Nos proteja en este borrascoso mundo que nos toca vivir, Aquella, únicaÚnica en la posesión de una naturaleza sin mancilla… Única al recibir de Dios todo cuanto Él puede donarse a una criatura… Única al aceptar el plan divino en su omniabarcante totalidad, desde el fiat de le Encarnación, hasta el fiat de la Cruz, silencioso pero que de solo recordarlo nos hace estremecer.

 

[1] Suma Contra Gentiles, L 1, Cap XXVI “Dios no es el ser formal de todas las cosas”.

[2] Suma Contra Gentiles, L 1, Cap XVII “En Dios no hay materia”.

[3] Ibid

[4] Suma Teológica, Iª q. 3 a. 8 co. “Si en Dios hay composición”.

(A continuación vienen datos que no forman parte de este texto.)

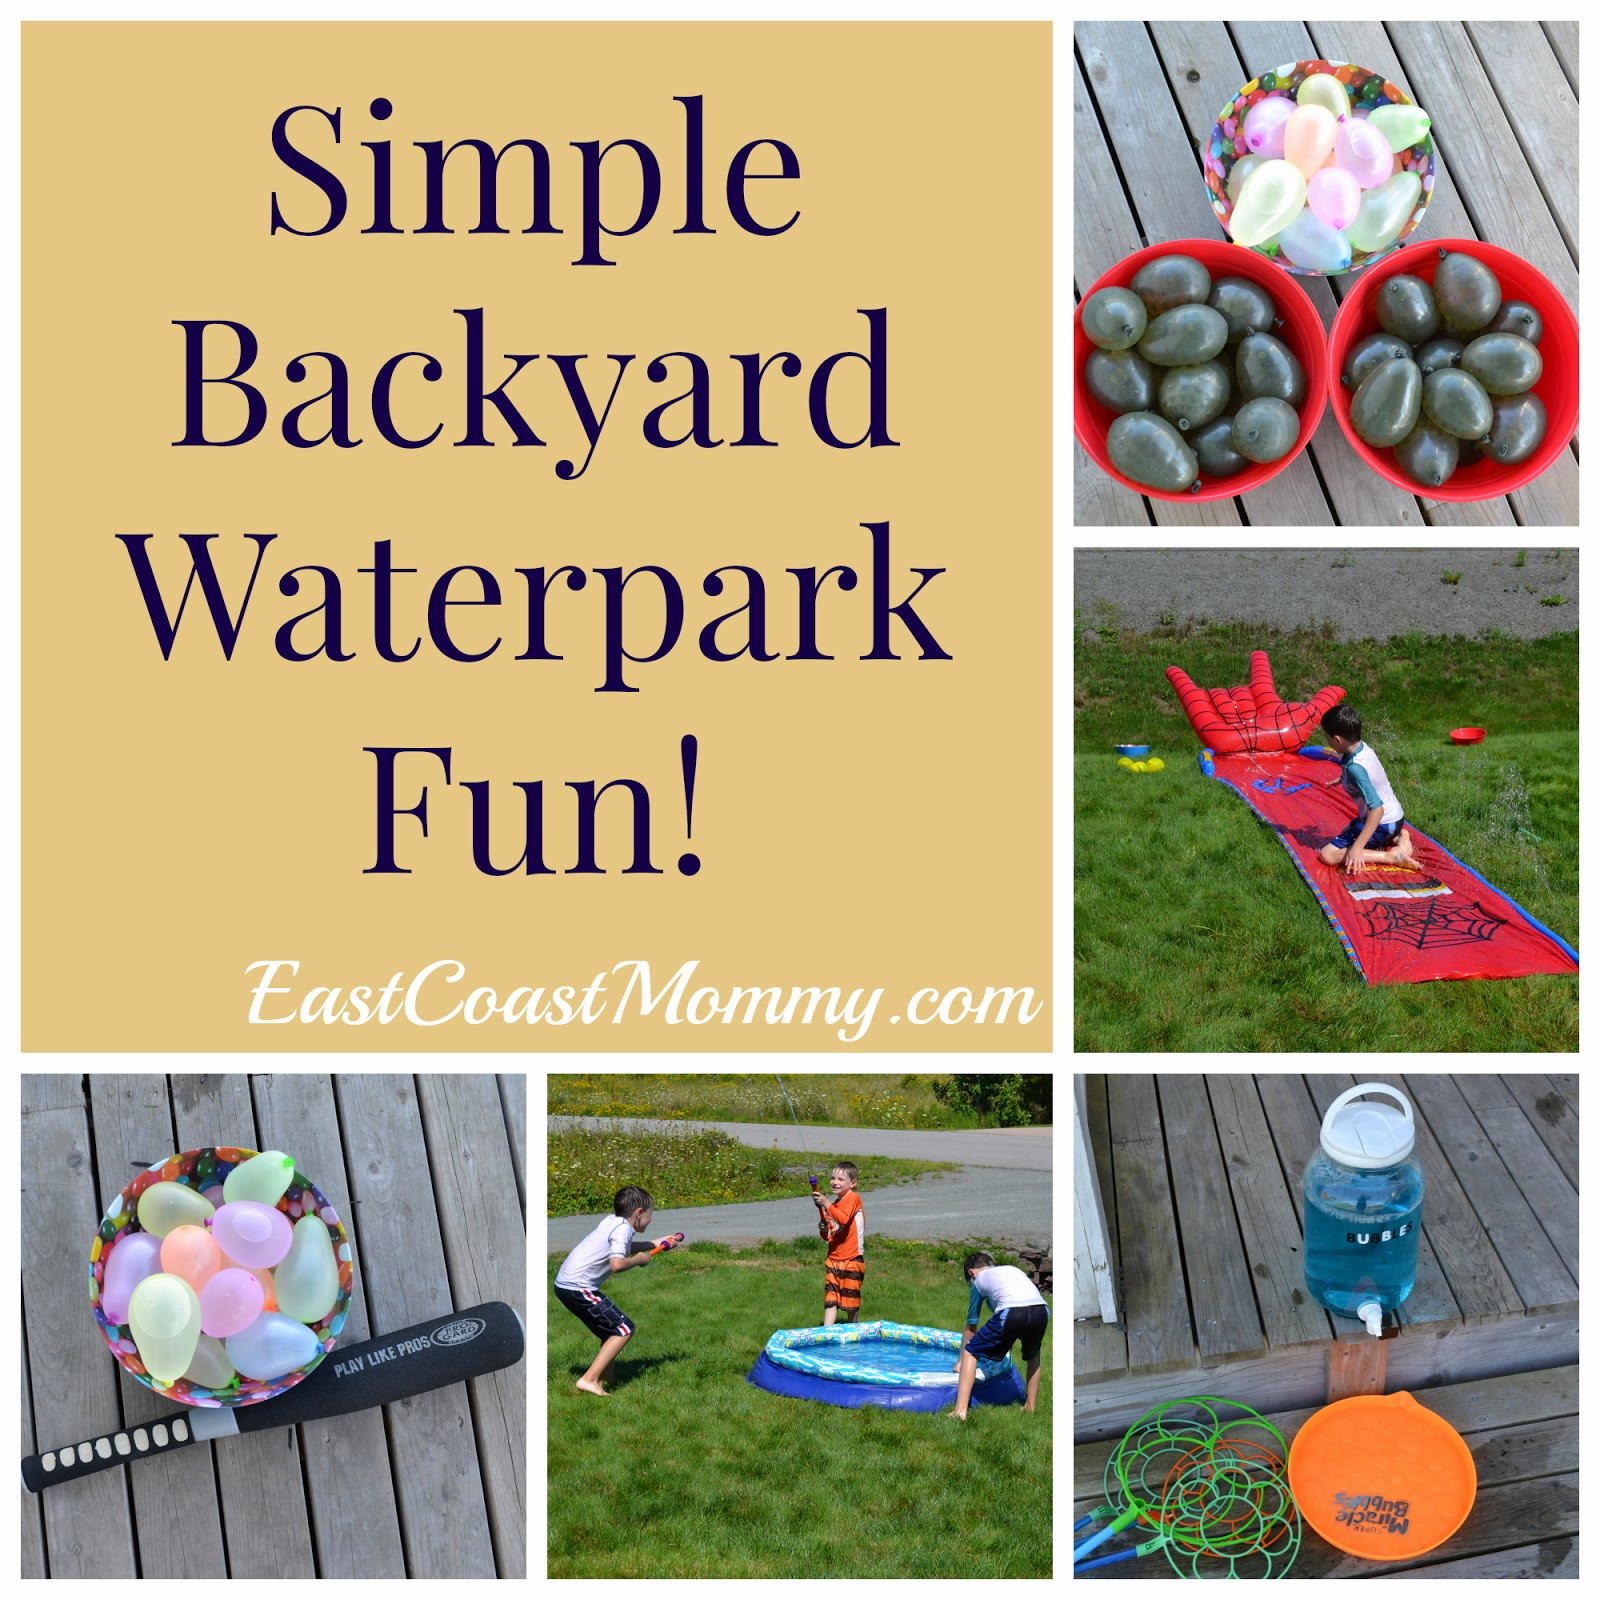 Backyard Water Park Party Ideas
 East Coast Mommy Simple Backyard Water Park

[5] Juan Pablo II, Memoria e identidad, Conversaciones al filo de dos milenios, Ediciones Planeta, Madrid, 2005, p. 16.

[6] Ibid, p. 20.

[7] Ibid, p. 22-23.

[8] Ibid, p. 25.

[9] Verbo, Palabra o Logos designan a al Hijo de Dios, segunda persona de la Santísima Trinidad. El Verbo Encarnado es Nuestro Señor Jesucristo.

[10] Julio Meinvielle, Iglesia y Mundo Moderno, Prólogo.

[11] Cfr. C. Fabro, Drama del hombre y misterio de Dios (Madrid 1977); citado en Carlos M. Buela, Nuestra Misa, Ediciones del Verbo Encarnado (San Rafael, 2007), p. 377.

[12] Santo Tomás se pregunta explícitamente en la Suma Teológica si se puede decir que Dios esté presente en los demonios y responde: “En los demonios hay que distinguir entre su naturaleza, que proviene de Dios, y su culpa, que no proviene de El. Así, no es admisible en absoluto sostener que Dios esté en los demonios, sino sólo añadiendo: en cuanto son determinadas cosas. Por otra parte, en las cosas cuya naturaleza no está deformada, se puede sostener absolutamente que Dios está presente”. (I, 8, 1 ad 4)

[12] “Bonum gratiae unus maius est quam bonum naturae totius universi” Suma Thelogica, II-II,113,9 ad 2.